Dave Nevin joins the faculty as an assistant professor of practice. Nevin has served in numerous positions at Oregon State, including as the university’s first full-time Chief Information Security Officer from 2012-2018. Nevin now leads the Oregon Research & Teaching Security Operations Center at Oregon State University. Newly formed, the ORTSOC is designed to educate and train the next generation of the cybersecurity workforce while providing core operational security, information sharing, and analysis for participating organizations across the region.

VINCENT IMMLER

Vincent Immler

                                          

Electrical and Computer Engineering

                                          

Vincent Immler joins the faculty this fall as assistant professor of electrical and computing engineering. He earned his doctorate from Technical University of Munich, Germany. Prior to Oregon State, Immler worked as a researcher at the Fraunhofer Institute for Applied and Integrated Security. Interested in all aspects of security, his research focuses on tamper-resistant hardware architectures. He was author of the 2018 best paper award at the IEEE International Symposium on Hardware Oriented Security and Trust.

KARTHIKA MOHAN

Karthika Mohan

                                          

Computer Science

                                          

Karthika Mohan joins the faculty this fall as assistant professor of computer science.

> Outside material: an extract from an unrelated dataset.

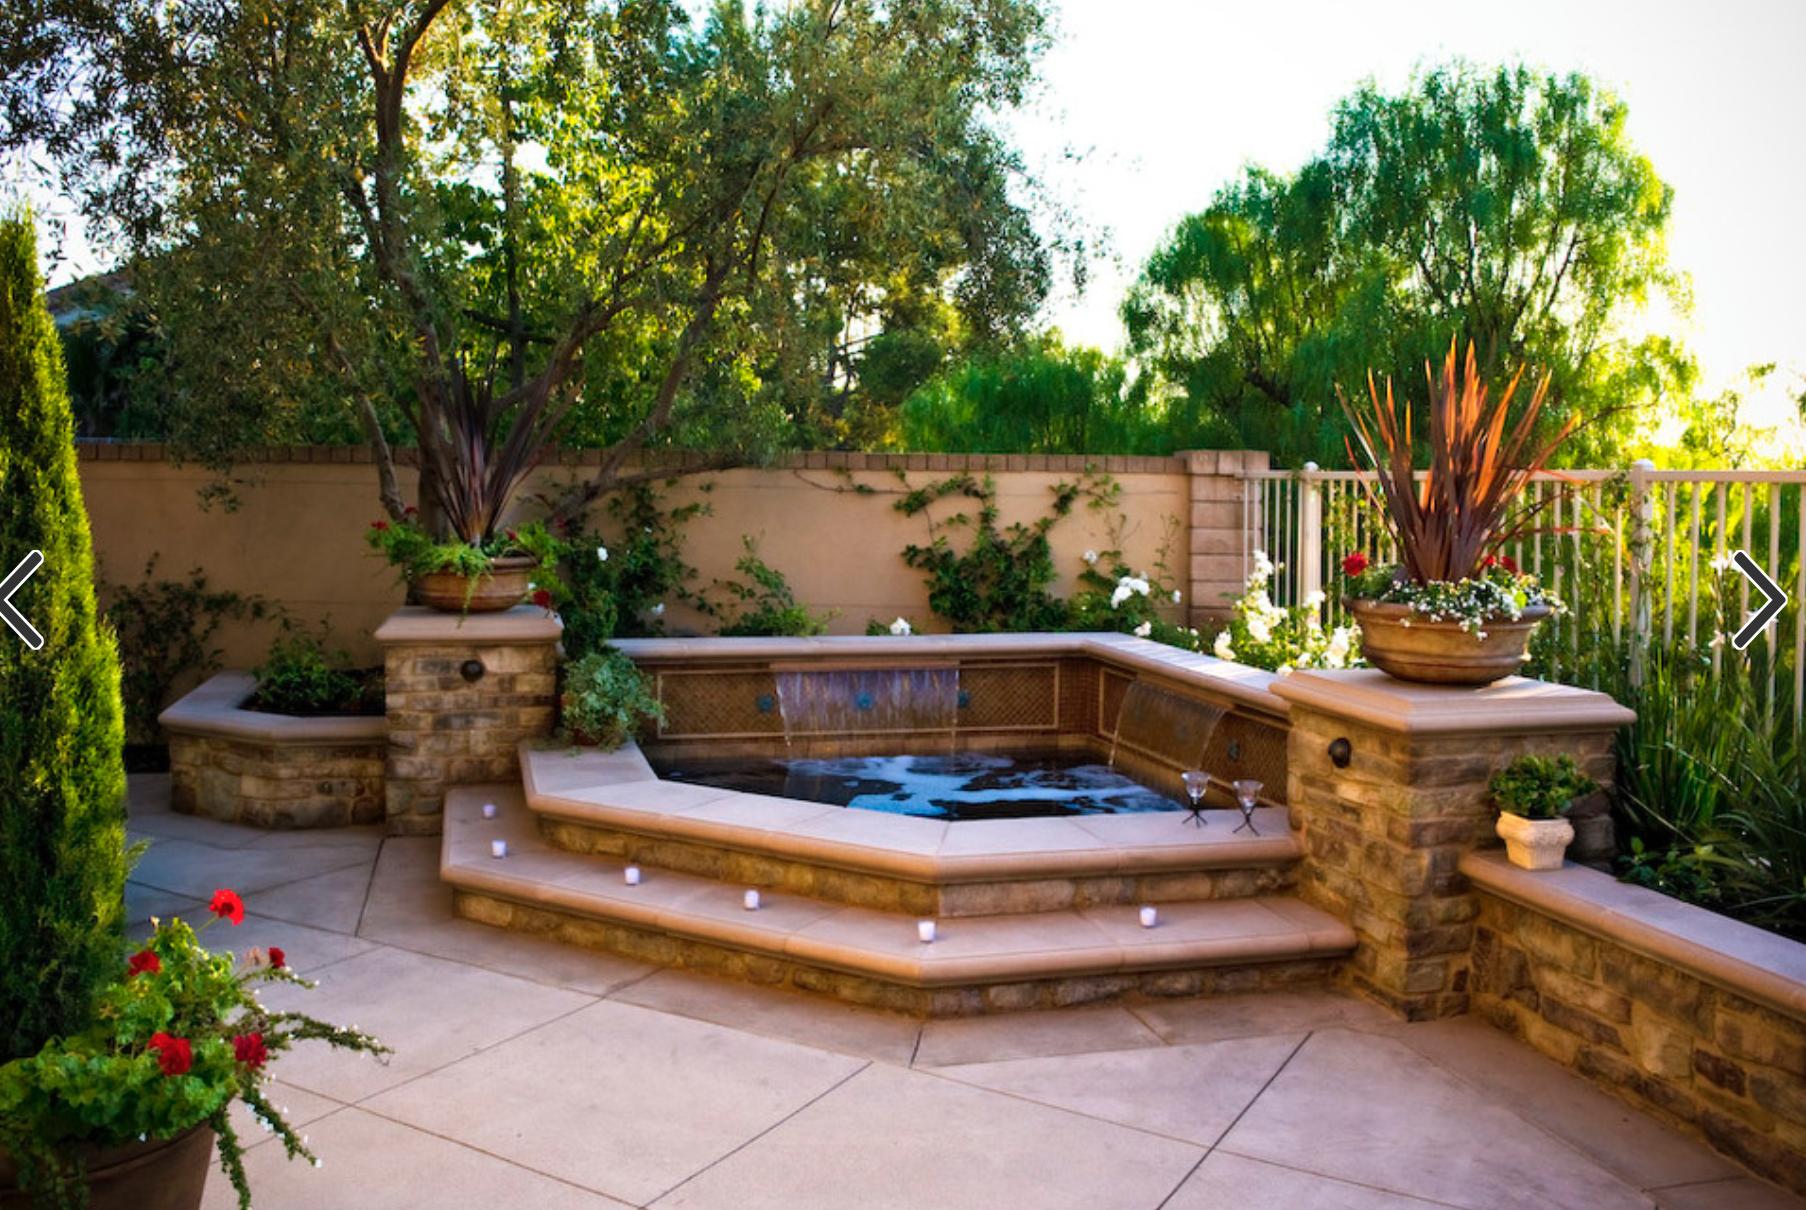 Amazing Small Backyard Jacuzzi Ideas - tyuka.info  Hot tub

She earned her doctorate from the University of California, Los Angeles, and was a postdoctoral scholar at the University of California, Berkeley. Mohan’s research in artificial intelligence is interdisciplinary and includes causal inference, graphical models, and AI safety. She was awarded the Google Outstanding Graduate Research Award for 2017.

SANDHYA SAISUBRAMANIAN

Sandhya Saisubramanian

                                          

Computer Science

                                          

Sandhya Saisubramanian joins the faculty this fall as assistant professor of computer science. She earned her doctorate from the University of Massachusetts, Amherst. Saisubramanian’s research interests are in designing AI systems that are safe, reliable, and unbiased. Her current research focus is on developing techniques for reliable decision-making in autonomous systems that operate in fully and partially observable environments.

RADHA VENKATAGIRI

Radha Venkatagiri

                                          

Computer Science

                                          

Radha Venkatagiri joins the faculty this fall as assistant professor of computer science. She earned her doctorate from the University of Illinois Urbana-Champaign. A computer architect, Venkatagiri builds efficient computing systems that conserve resources by allowing the system to make controlled errors. Her research focuses on error-efficient computing with emphases on low-cost hardware resiliency and approximate computing. Prior to UIUC, she was a CPU/silicon validation engineer at Intel, where she won a divisional award for key contributions in validating new industry-standard CPU features.